🤖 AI Summary
This work addresses the efficient execution of all-to-all communication in circuit-switched optical interconnects by jointly modeling topology reconfiguration and flow scheduling. It introduces a unified abstraction based on adjacency matrices and their power sums to characterize the complete solution space and derive a lower bound on communication completion time. To circumvent combinatorial explosion, the authors construct a family of highly symmetric and strongly expandable topology sequences, enabling the design of a low-overhead near-optimal scheduling algorithm. Experimental results demonstrate that, across diverse network parameters, message sizes, and traffic loads, the proposed approach reduces average all-to-all communication completion time by 44%.
📝 Abstract
All-to-all collective communication is a core primitive in distributed machine learning and high-performance computing. At the server scale, the communication demands of these workloads are increasingly outstripping the bandwidth and energy limits of electrical interconnects, driving a growing interest in photonic interconnects.
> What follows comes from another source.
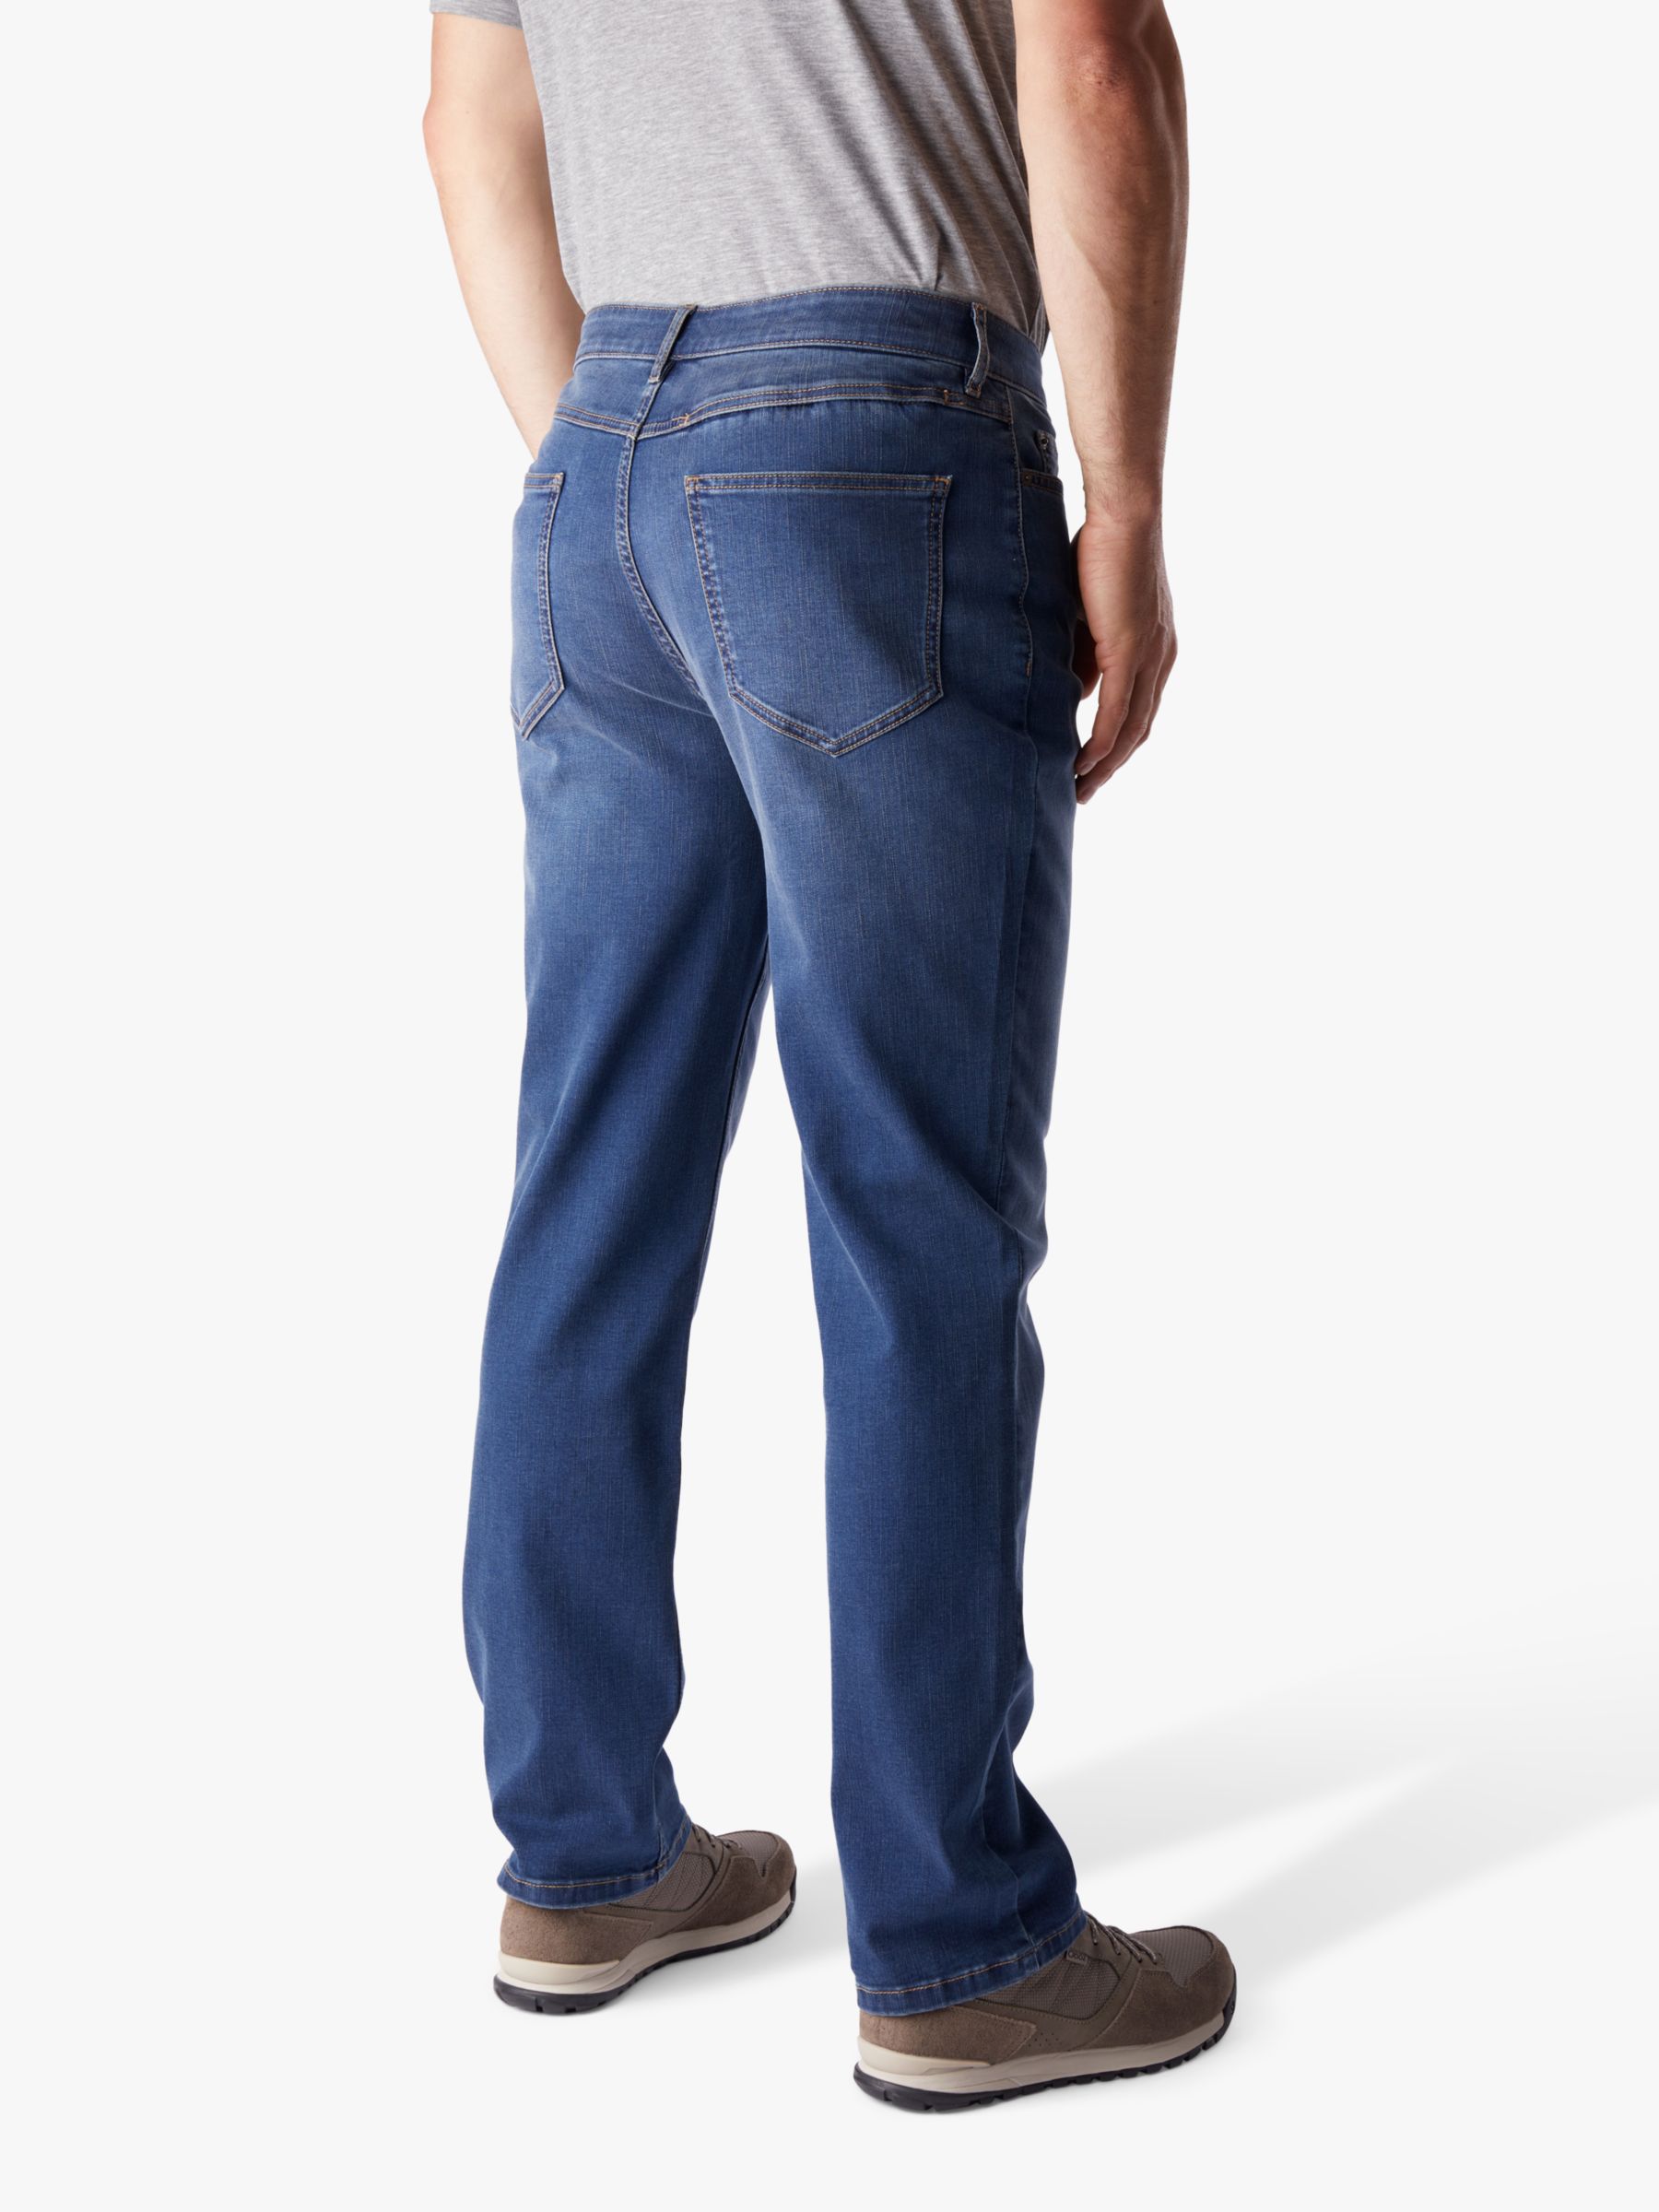 Rohan Flex Men's Classic Fit Jeans, Mid Denim, 36R

However, leveraging these interconnects for all-to-all communication is nontrivial. The core challenge lies in jointly optimizing a sequence of topologies and flow schedules, reconfiguring only when the transmission savings from traversing shorter paths outweigh the reconfiguration cost. Yet the search space of this joint optimization is enormous. Existing work sidesteps this challenge by making unrealistic assumptions on reconfiguration costs so that it is never or always worthwhile to reconfigure. In this paper, we show that any candidate sequence of topologies and flow schedules can be expressed as a sum of adjacency matrices and their powers. This abstraction captures the entire solution space and yields a lower bound on all-to-all completion time. Building on this formulation, we identify a family of topology sequences with strong symmetry and high expansion that admits bandwidth-efficient schedules, which our algorithm constructs with low computational overhead. Together, these insights allow us to efficiently construct near-optimal solutions, effectively avoiding enumeration of the combinatorial design space. Evaluation shows that our approach reduces all-to-all completion time by up to 44% on average across a wide range of network parameters, message sizes and workload types.